Groundbreaking is planned Saturday for a $60 million stadium for the Houston Dynamo soccer team after city leaders approved an economic development tax zone deal. The Houston City Council on Wednesday approved an ordinance for development, construction, operation and maintenance of the sports and entertainment facility. The Harris County Houston Sports Authority in December approved an agreement to build the proposed soccer stadium. The venue is scheduled to open in April 2012. The stadium would also be the site for Texas Southern University football games. The Dynamo currently play at Robertson Stadium at the University of Houston.
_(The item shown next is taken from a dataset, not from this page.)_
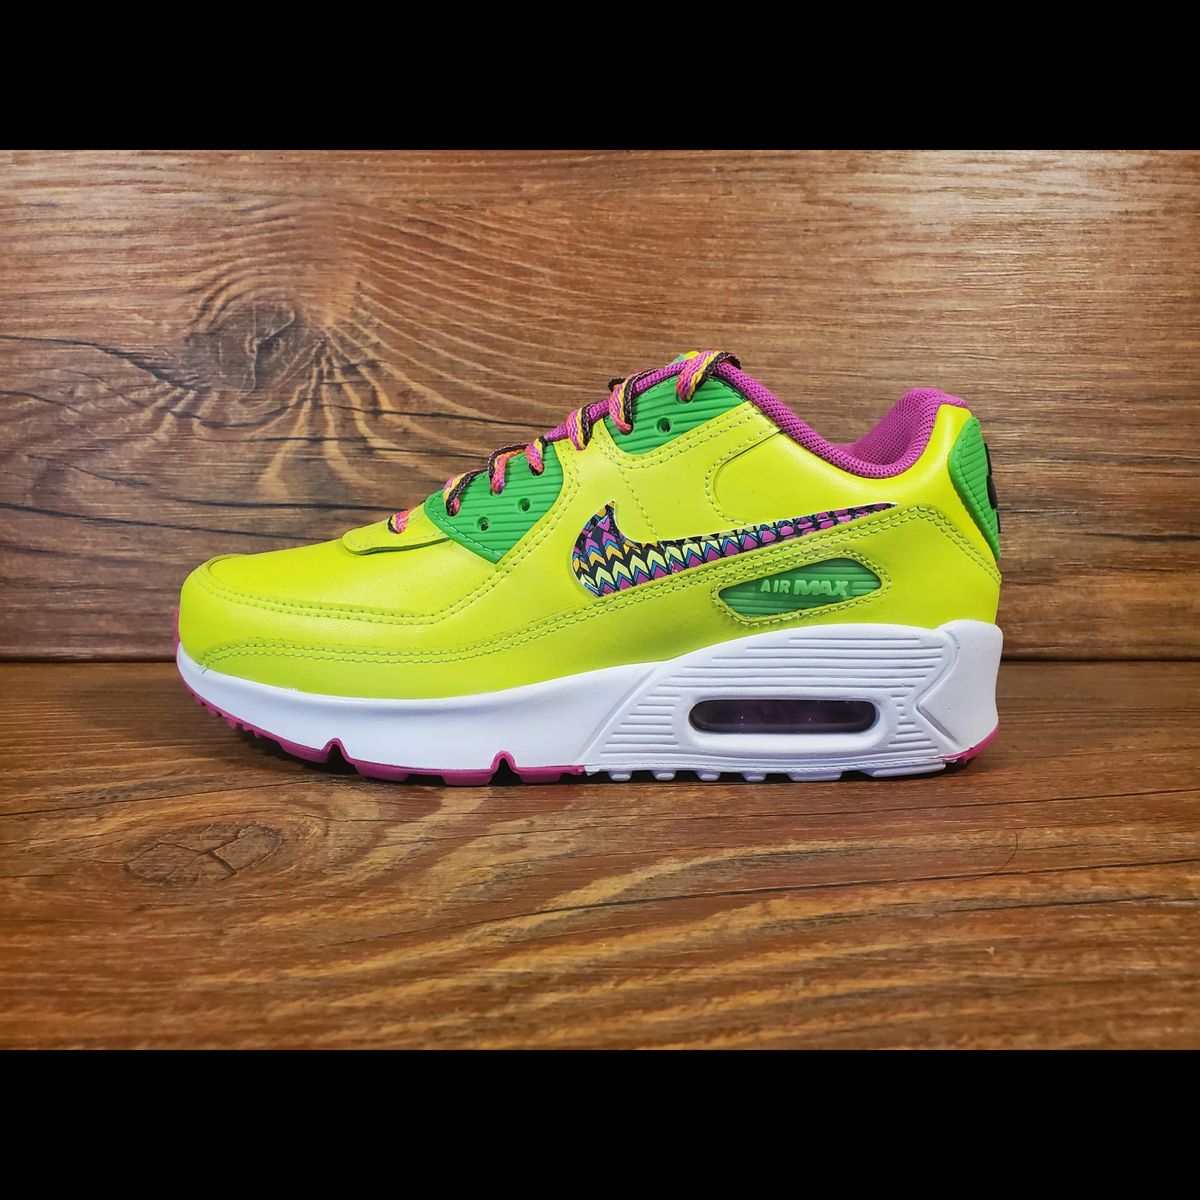 Nike Air Max 90 Leather GS "Volt Fire Pink"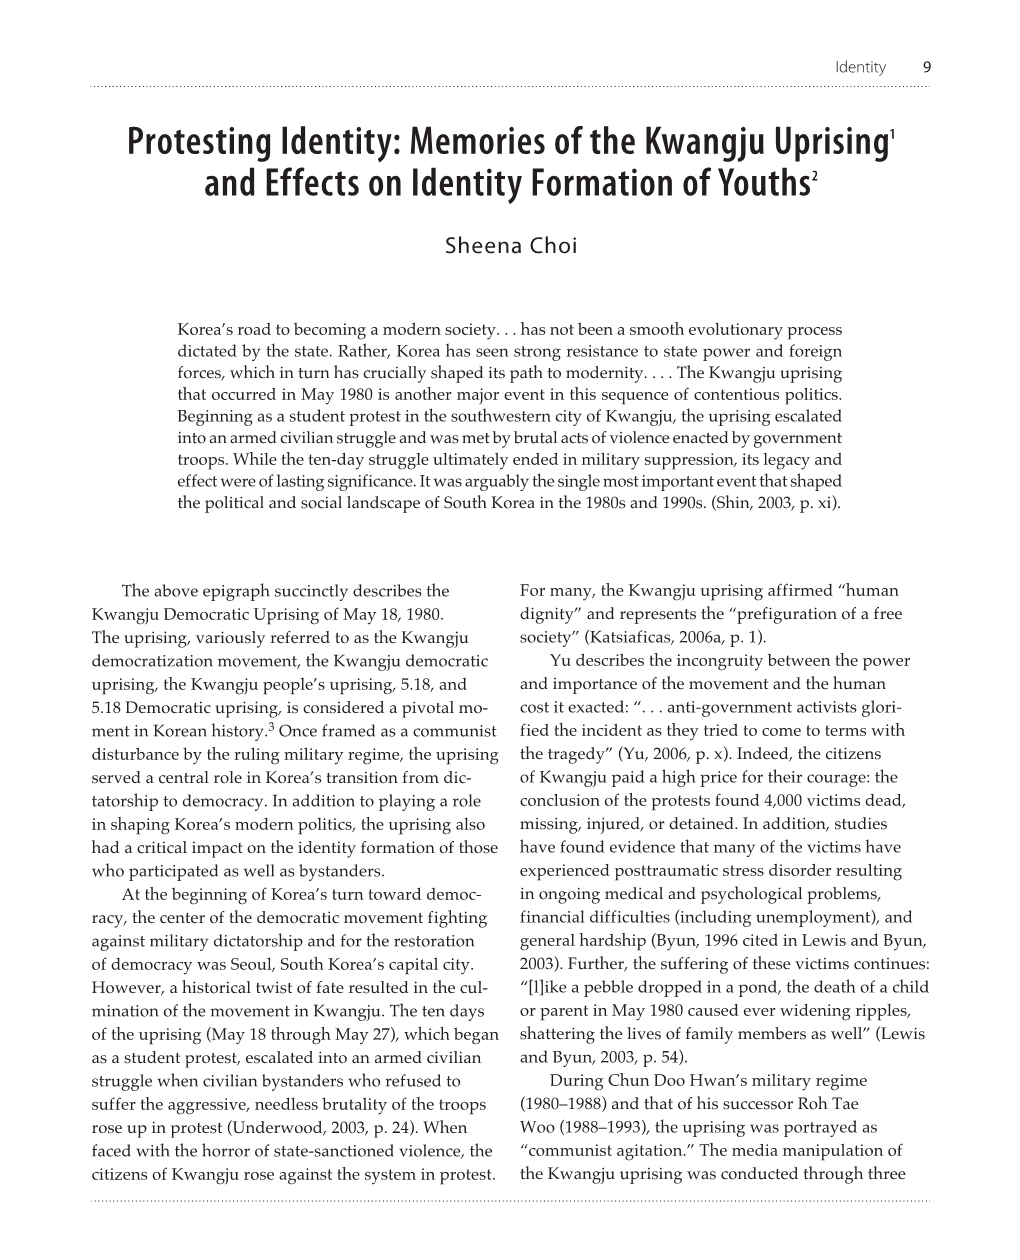 Protesting Identity: Memories of the Kwangju Uprising1 and Effects on Identity Formation of Youths2

The Memphis City Council and Shelby County Commission have approved a new structure for economic development for Memphis and Shelby County, Business Journal reports. The Economic Development and Growth Engine, or EDGE, is a newly chartered industrial development board that will eventually consolidate a number of economic development agencies and functions of both governments. Those include the Office of Economic Development, the existing Industrial Development Board, the Port Commission, the Depot Redevelopment Authority, Frank C. Pidgeon Industrial Park, the City of Memphis Foreign Trade Zone 77 program and the City of Memphis Renewal Community program. Memphis Mayor A.C. Wharton and Shelby County Mayor Mark H. Luttrell issued a joint statement today commending approval of the EDGE. “Momentum for economic development and job growth in our community has been building steadily over the last year, and this will only accelerate that forward progress,” Wharton said. “The function of the EDGE will be to strategically target great companies who are a good fit for Memphis and Shelby County’s unique assets and do what it takes to bring them here. We will also be able to provide new levels of support and assistance to start-up companies and small and medium-sized businesses. The competition for great jobs and great businesses in a global economy becomes more and more intense all the time. We need an edge to maintain our advantage.”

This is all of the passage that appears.